━━━ DATA EXTRACTS

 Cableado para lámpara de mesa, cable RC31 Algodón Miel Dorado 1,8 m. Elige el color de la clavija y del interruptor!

━━━━━━
━━━ DATA EXTRACTS

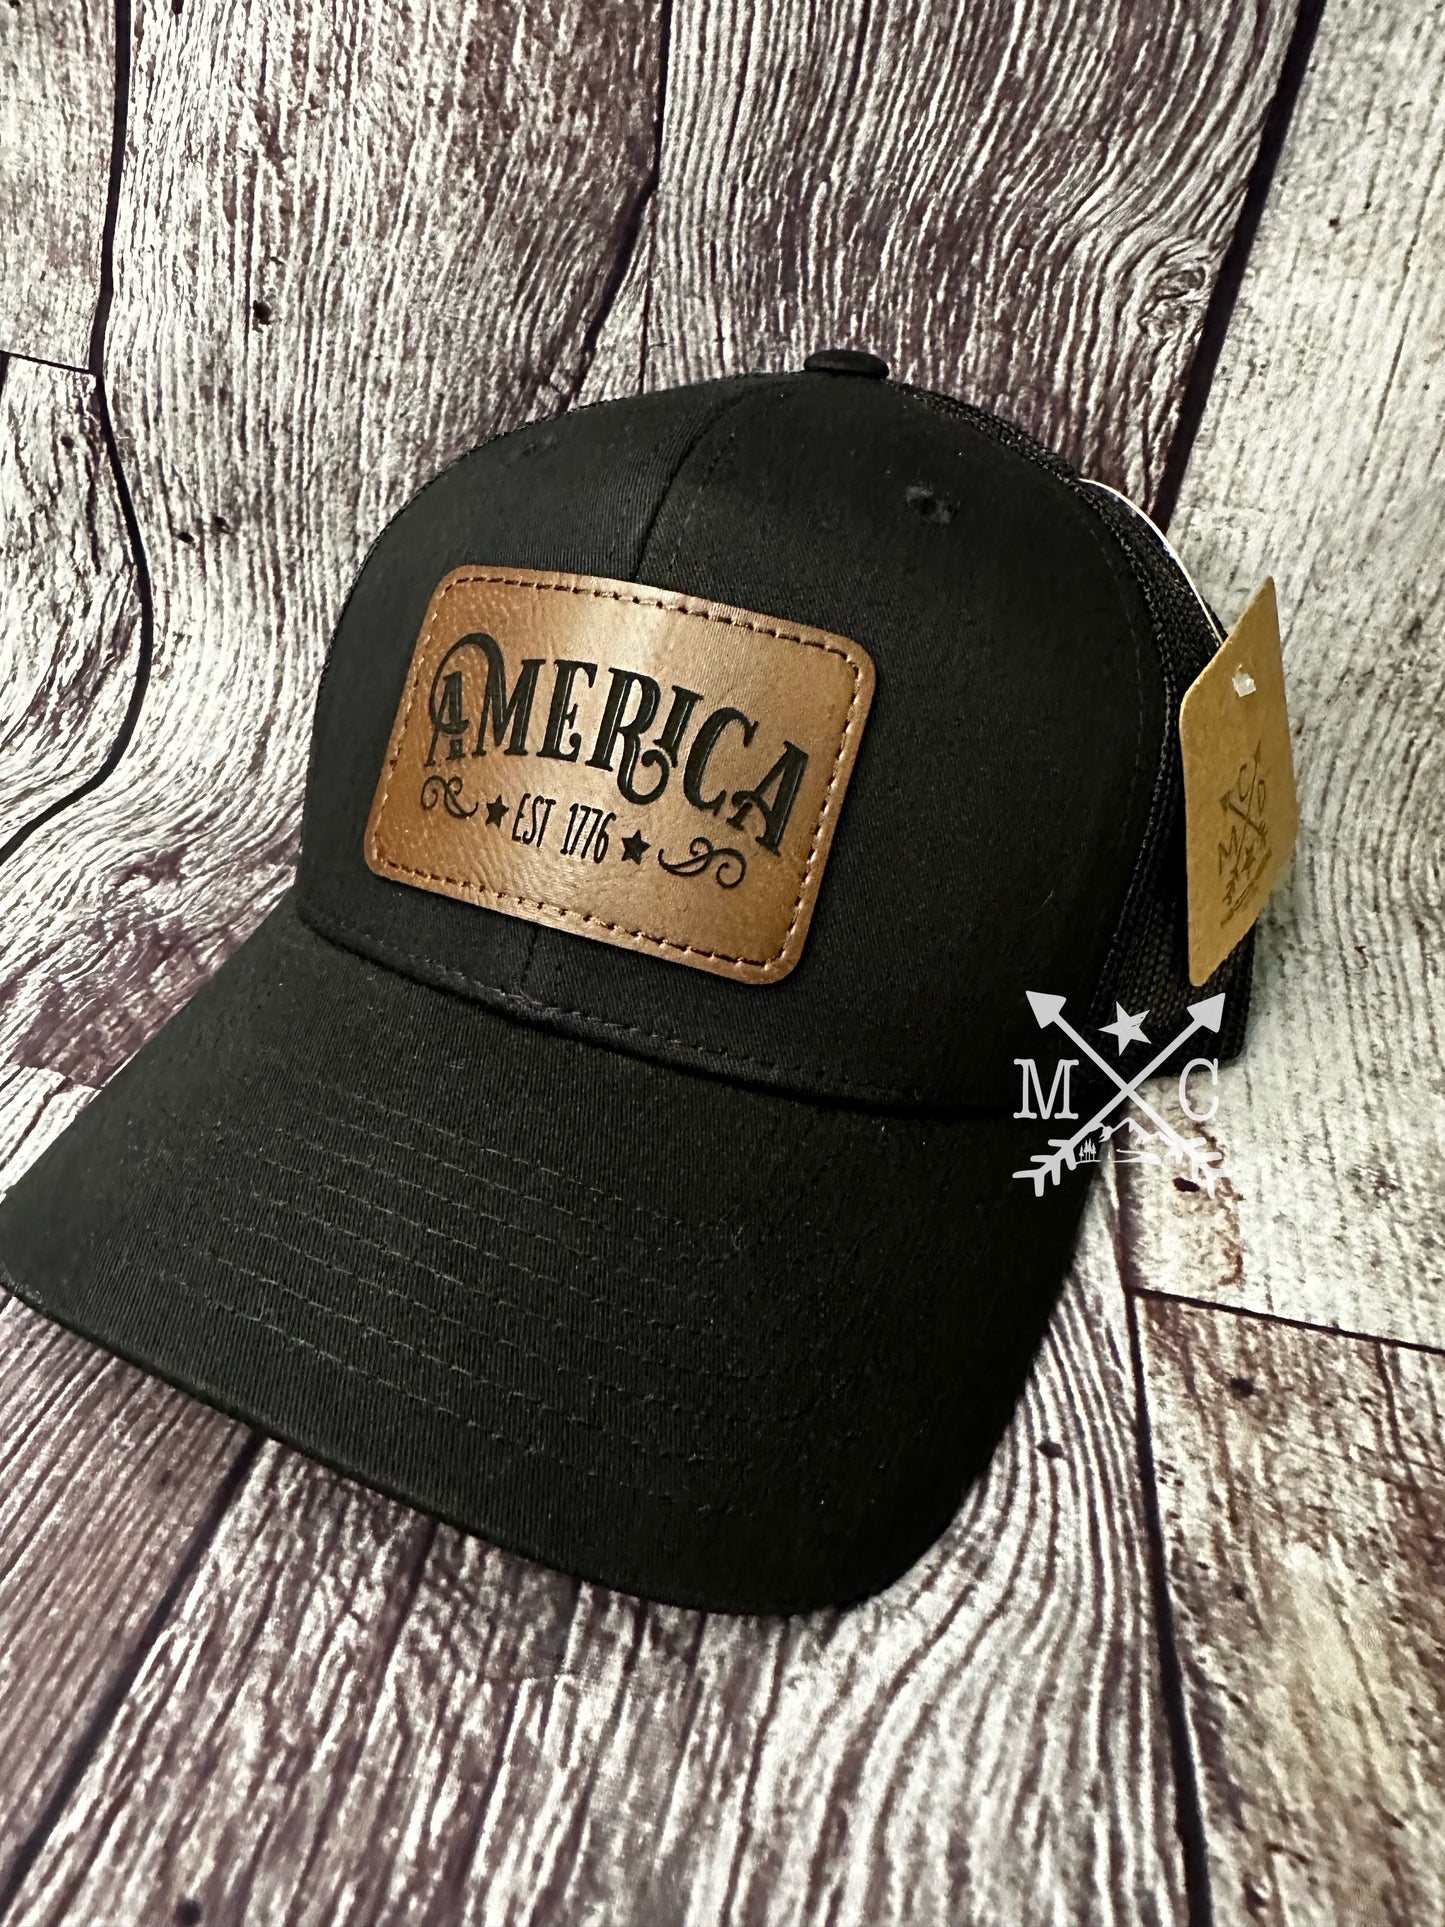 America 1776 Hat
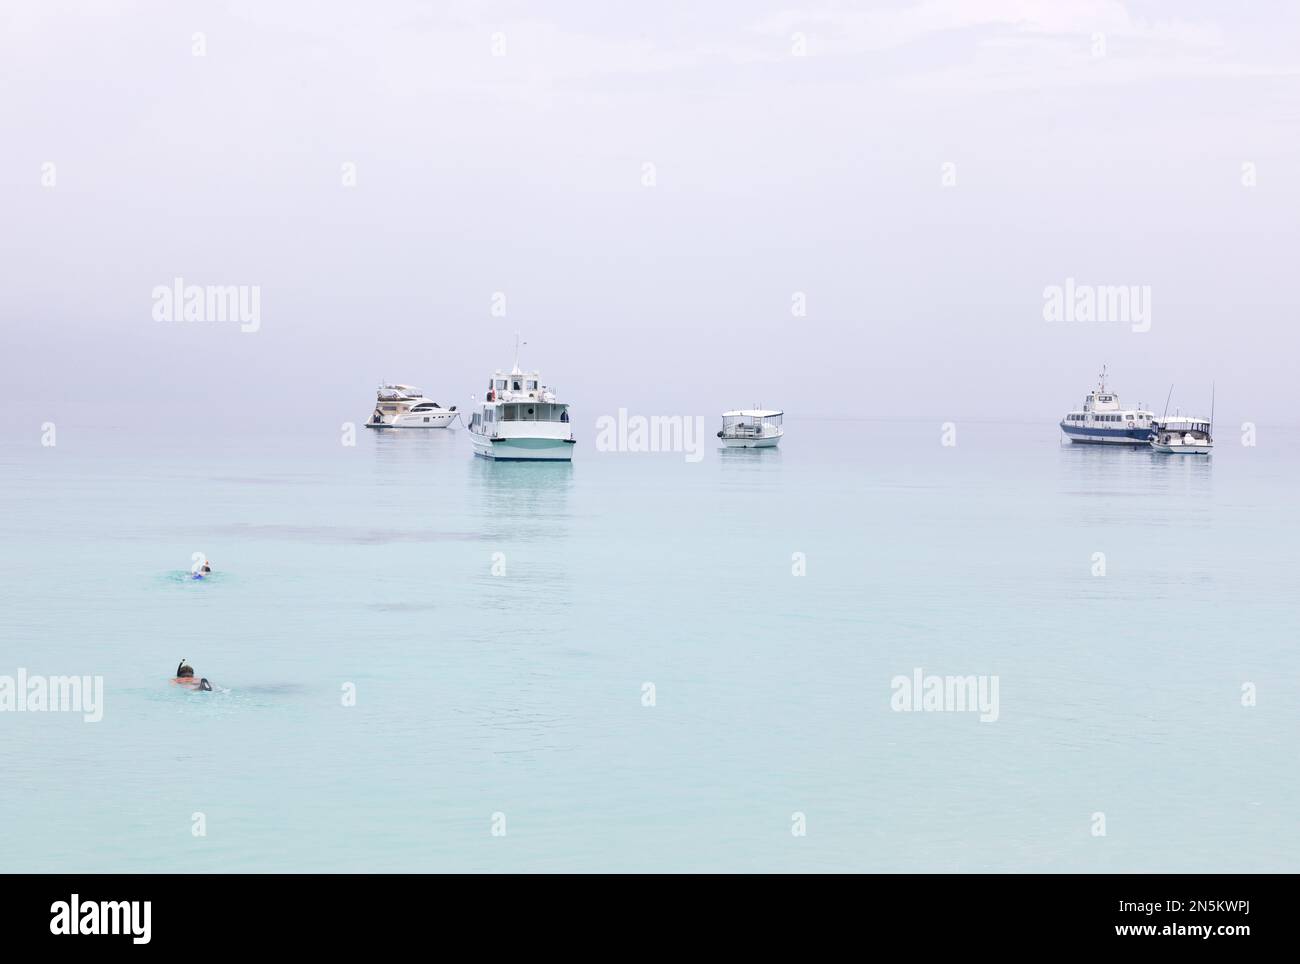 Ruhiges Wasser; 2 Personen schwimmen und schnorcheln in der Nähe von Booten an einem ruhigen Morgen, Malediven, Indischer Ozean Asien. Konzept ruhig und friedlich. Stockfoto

━━━━━━

From the records above, transcribe exactly the lines starting at the one containing "America 1776 Hat" and ending at the one containing "Ruhiges Wasser; 2". Skip the pictures.

 America 1776 Hat
 Ruhiges Wasser; 2 Personen schwimmen und schnorcheln in der Nähe von Booten an einem ruhigen Morgen, Malediven, Indischer Ozean Asien. Konzept ruhig und friedlich. Stockfoto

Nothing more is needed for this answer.